When signaling the GPU about a new mailbox message, we need to take care that
mailbox buffer setup has really finished. Both setting up mailbox contents and
signaling the GPU is done with store operations to independent memory locations
(RAM and MMIO). Since compilers are free to reorder instructions without
control-flow or data-dependencies for optimization purposes, we need to take
care that signaling the GPU really takes place _after_ all of the contents have
been written to the mailbox buffer.

One way to do this would be to define the whole mailbox buffer as `volatile`, as
well as the location that we write to to signal the GPU. The compiler is not
allowed to reorder memory operations tagged with the `volatile` keyword with
each other. But this is not needed here. We don't care if the compiler optimizes
the buffer setup code as long as signaling the GPU takes place afterwards.

Therefore, we prevent premature signaling by inserting an explicit [compiler
fence] after the buffer preparation code. Since we signal the CPU by calling
another function, the fence would only be effective if that function was a)
inlined and b) the inlined instructions then reordered with buffer setup
code. Otherwise the compiler has to assume that the called function has
dependencies on previous memory operations and not reorder here. Although there
is little chance that the reordering scenario happens, I'll leave the fence
there nonetheless for academic purposes :-)

Please note that such reordering might also be done by CPUs that feature
[out-of-order execution].  Lucky us, although the Rasperry Pi 3 features
`ARMv8.0-A` CPU cores, the `Cortex-A53` variant is used, [which does not support
this feature].  Otherwise, a [fence] that additionally [emits corresponding CPU
instructions] to prevent this behavior would be needed.

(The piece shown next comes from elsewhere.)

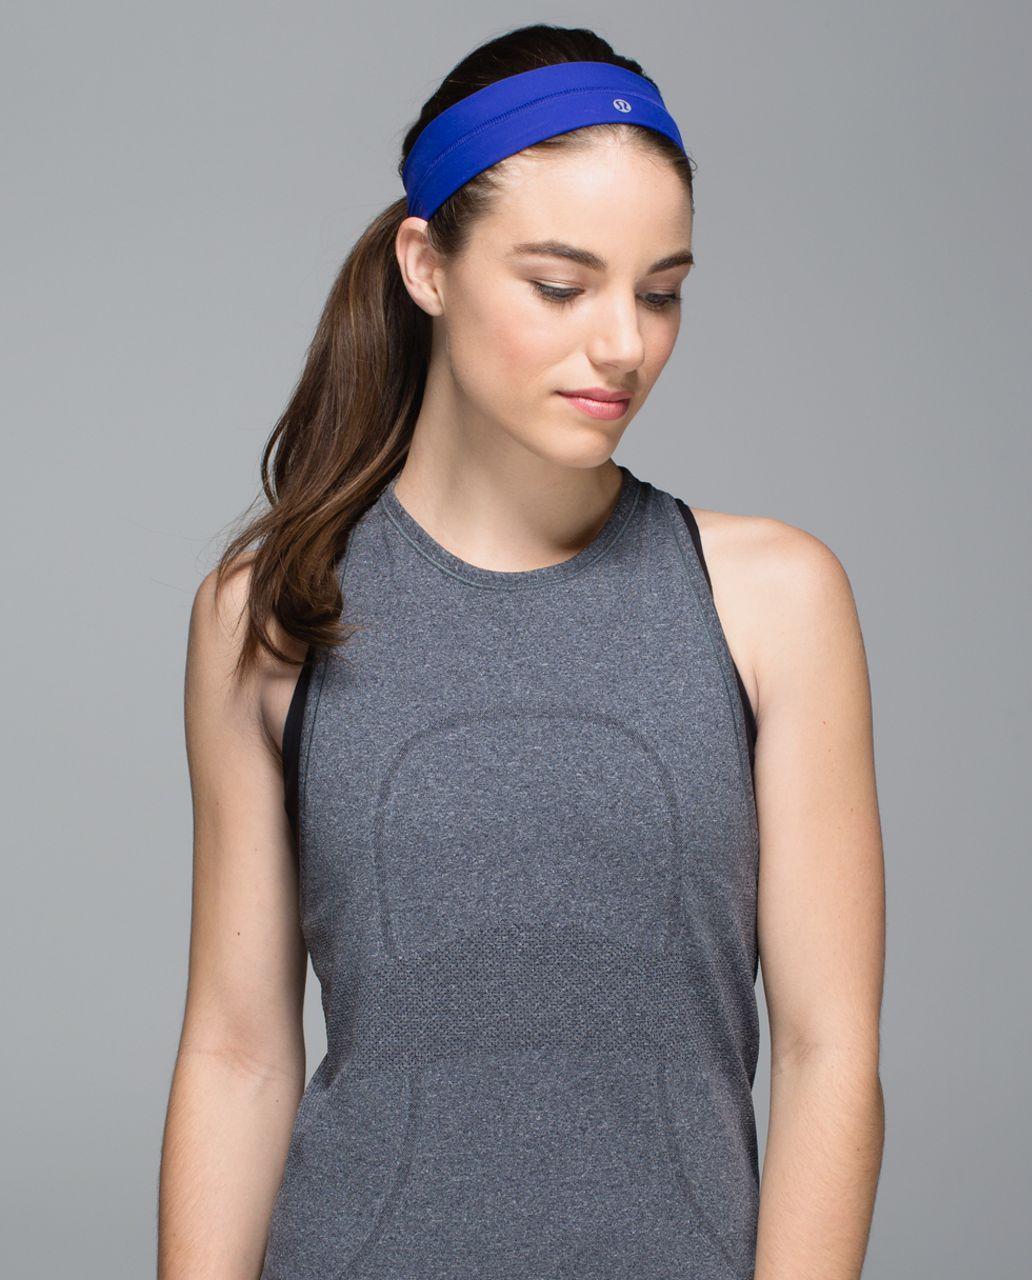 Lululemon Fly Away Tamer Headband - Pigment Blue

[compiler fence]: https://doc.rust-lang.org/beta/core/sync/atomic/fn.compiler_fence.html
[out-of-order execution]: https://en.wikipedia.org/wiki/Out-of-order_execution
[which does not support this feature]: https://en.wikipedia.org/wiki/Comparison_of_ARMv8-A_cores
[fence]: https://doc.rust-lang.org/std/sync/atomic/fn.fence.html
[emits corresponding CPU instructions]: https://developer.arm.com/products/architecture/a-profile/docs/100941/latest/barriers

## main.rs

We query the board's serial number and then we display it on the UART.